Re: Spurious failure of ./tests/bugs/glusterd/bug-913555.t

Atin Mukherjee <amukherj@xxxxxxxxxx> · Wed, 19 Oct 2016 18:15:35 +0530

On Tue, Oct 18, 2016 at 11:34 PM, Atin Mukherjee <amukherj@xxxxxxxxxx> wrote:
Thanks a lot Vijay for the insights, will test it out and post a patch.

Unfortunately this didn't work. Even replacing EXPECT with EXPECT_WITHIN fails spuriously. 

@Nigel - I'd like to see how often this test fails and based on that take a call to temporarily remove this check. Could you share the last two weekly report of the regression failure to help me in figuring it out?
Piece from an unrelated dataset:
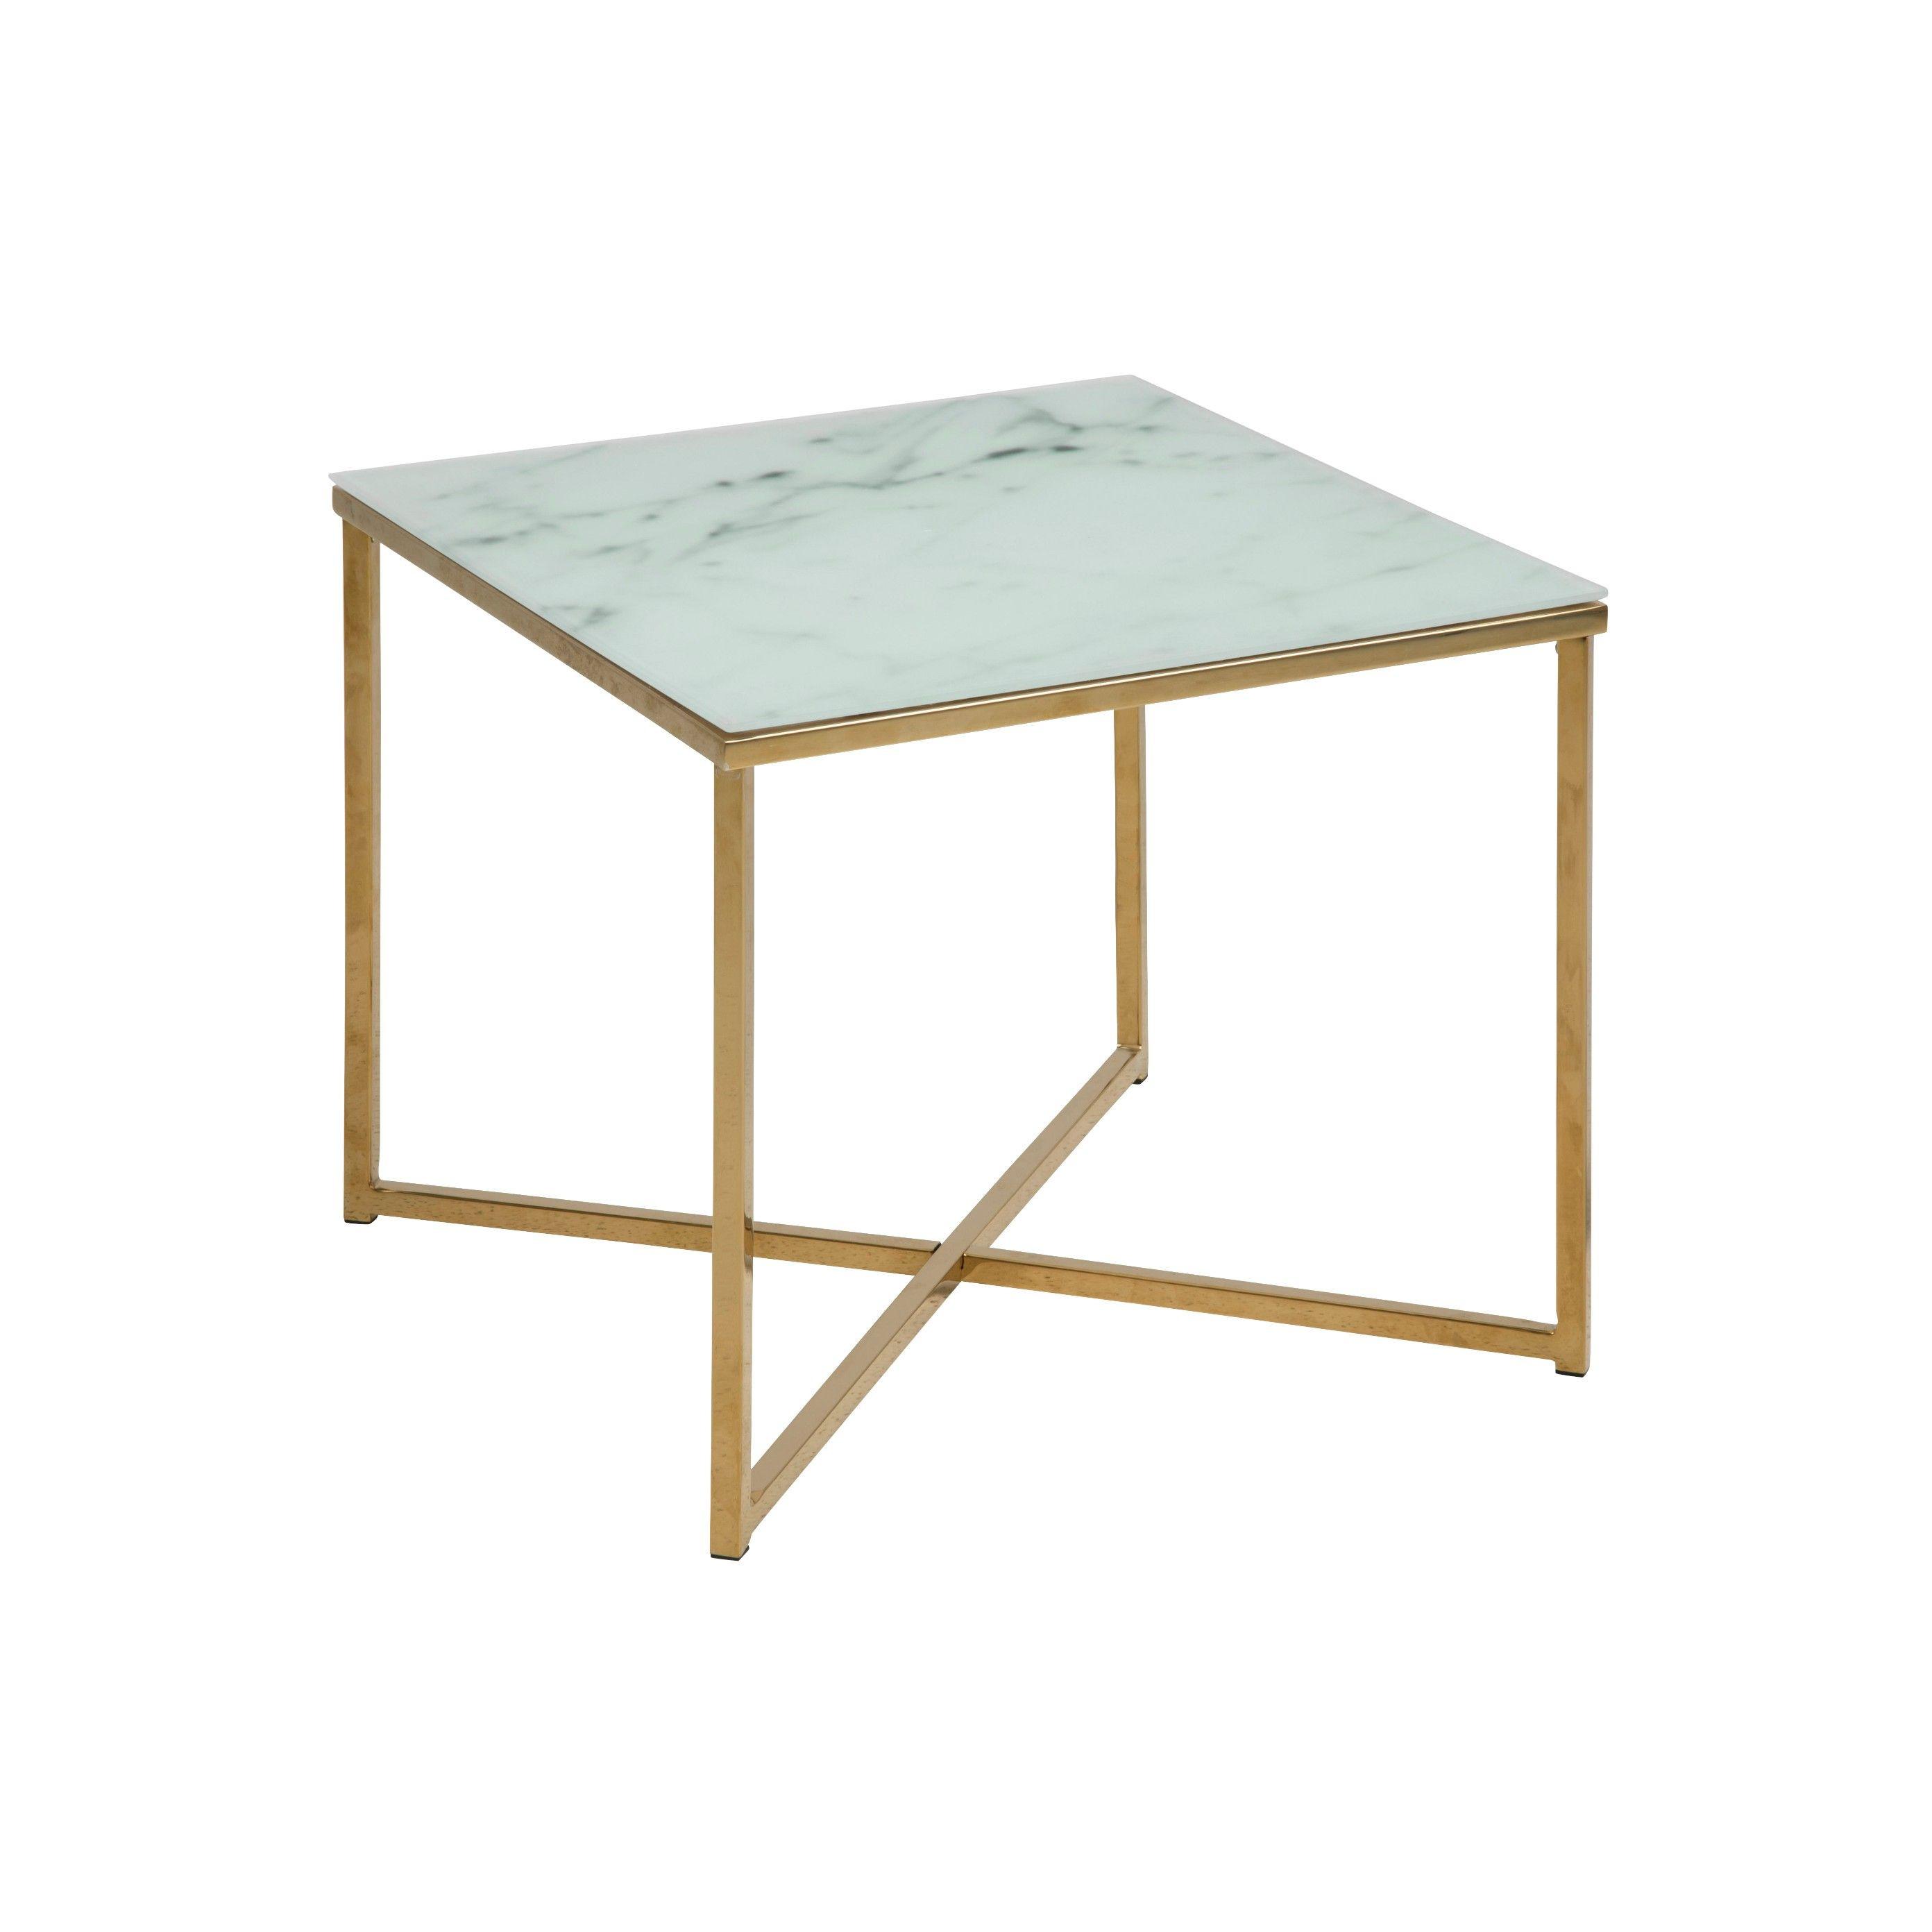 Ali Coffee Table 50 x 50 | White Marble

On Tuesday 18 October 2016, Vijay Bellur <vbellur@xxxxxxxxxx> wrote:
On Tue, Oct 18, 2016 at 12:28 PM, Atin Mukherjee <amukherj@xxxxxxxxxx> wrote:

> Final reminder before I take out the test case from the test file.

>

>

> On Thursday 13 October 2016, Atin Mukherjee <amukherj@xxxxxxxxxx> wrote:

>>

>>

>>

>> On Wednesday 12 October 2016, Atin Mukherjee <amukherj@xxxxxxxxxx> wrote:

>>>

>>> So the test fails (intermittently) in check_fs which tries to do a df on

>>> the mount point for a volume which is carved out of three bricks from 3

>>> nodes and one node is completely down. A quick look at the mount log reveals

>>> the following:

>>>

>>> [2016-10-10 13:58:59.279446]:++++++++++

>>> G_LOG:./tests/bugs/glusterd/bug-913555.t: TEST: 48 0 check_fs

>>> /mnt/glusterfs/0 ++++++++++

>>> [2016-10-10 13:58:59.287973] W [MSGID: 114031]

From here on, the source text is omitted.